Di conseguenza, la Corte dichiara che quello proposto è l’unico modo in cui la disposizione europea debba essere interpretata. E, d’altra parte, “allorché il senso di una disposizione del diritto dell’Unione risulta senza ambiguità dalla formulazione stessa di quest’ultima, la Corte non può discostarsi da tale interpretazione”.
Mirone: ora vigileremo che principi trovino concreta applicazione
«Accogliamo con favore» è il commento di Antonello Mirone «la Sentenza della Corte Europea che mette un po’ di chiarezza e ordine. Il nostro auspicio è che possa servire per accendere i riflettori su una serie di pratiche a cui abbiamo assistito nel corso degli anni, che hanno in qualche modo invertito il percorso naturale del farmaco, che deve andare dal produttore al grossista, sino alla farmacia, come punto finale di distribuzione al pubblico».
La sentenza, di fatto, «ha sottolineato che le farmacie che dispensano farmaci al pubblico e le società con autorizzazione all’ingrosso sono entità distinte, soggette a obblighi e disposizioni diverse, e caratterizzate da attività proprie e differenti».

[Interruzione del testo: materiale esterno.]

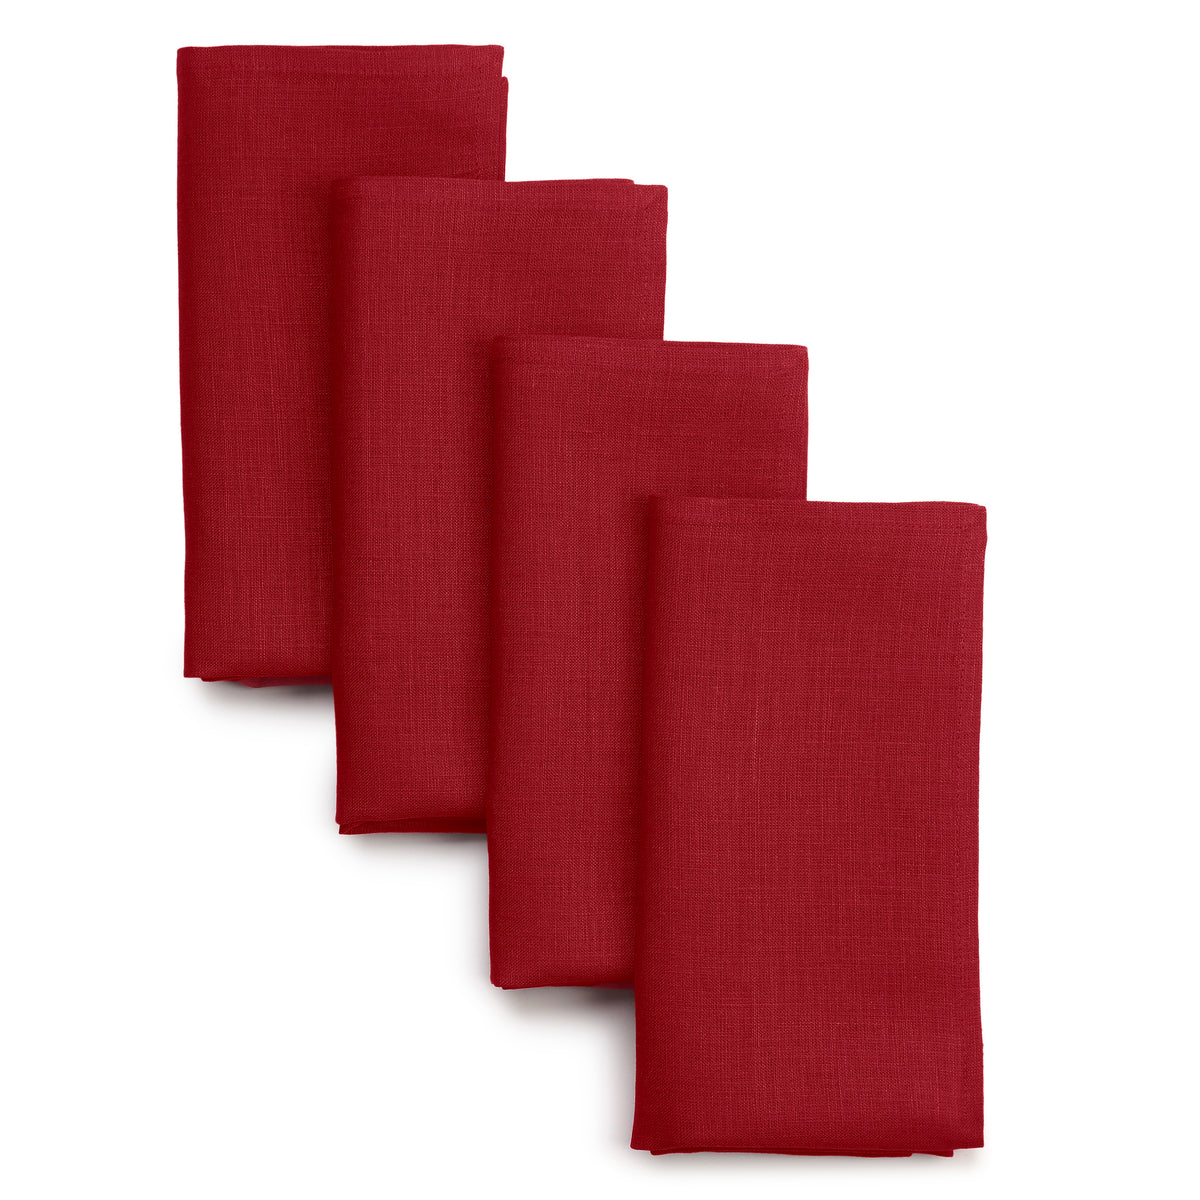 Red Linen Dinner Napkins 18 x 18 Inch Set of 4 - Hemmed
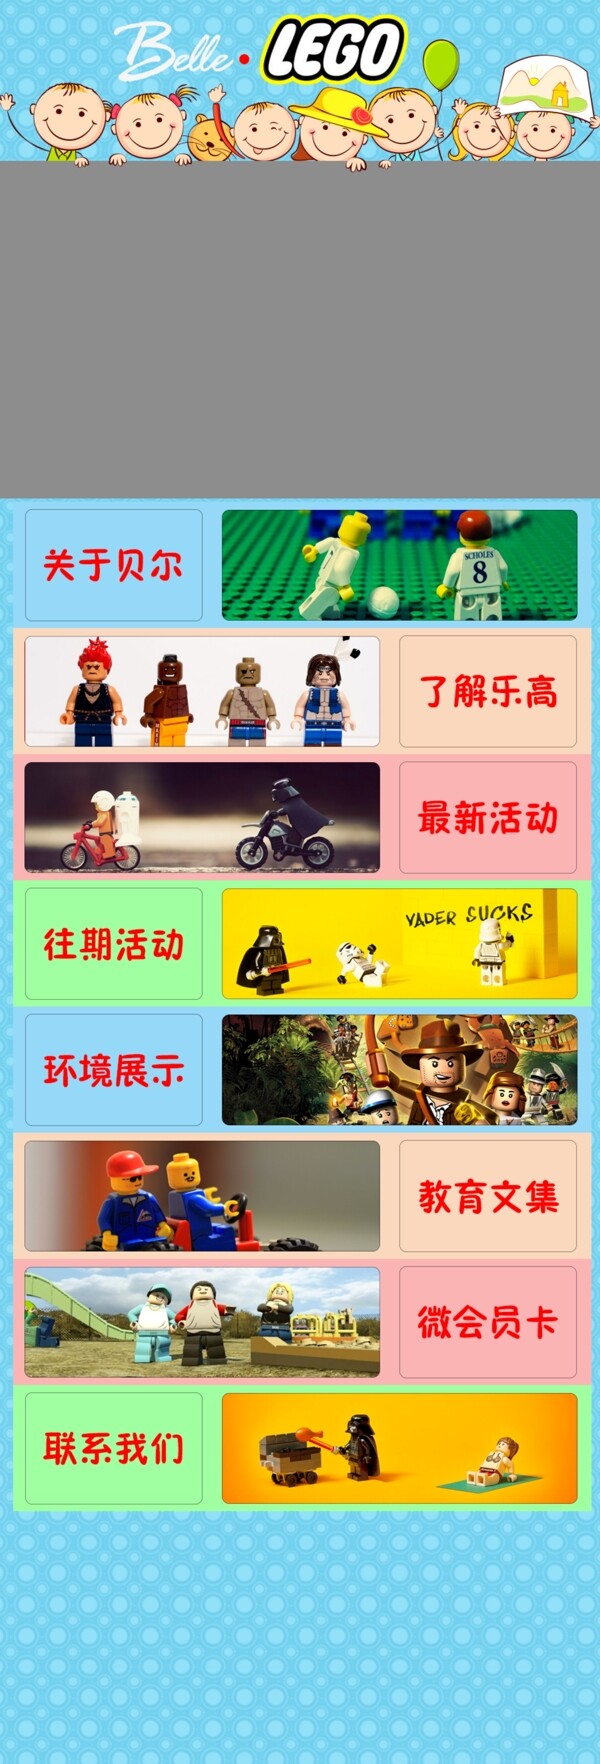 乐高微站儿童玩具微网站

Anche «in presenza di vendite dirette, dal produttore alla farmacia, va evidenziato che i quantitativi debbano essere commisurati al fabbisogno del singolo presidio. In alcun modo, infatti, viene chiarito, può esserci una vendita dalla farmacia a una società con autorizzazione all’ingrosso, o ad altre farmacie, mentre la direzione delle transazioni può andare dalla società autorizzata all’ingrosso verso la farmacia. Si tratta di principi che abbiamo sempre affermato a tutela del sistema e della sanità pubblica, ancora di più in quanto società per vocazione vicine alle farmacie. La nostra speranza ora è che tali principi trovino concreta applicazione in tutte le prassi della filiera e il nostro impegno andrà in questa direzione».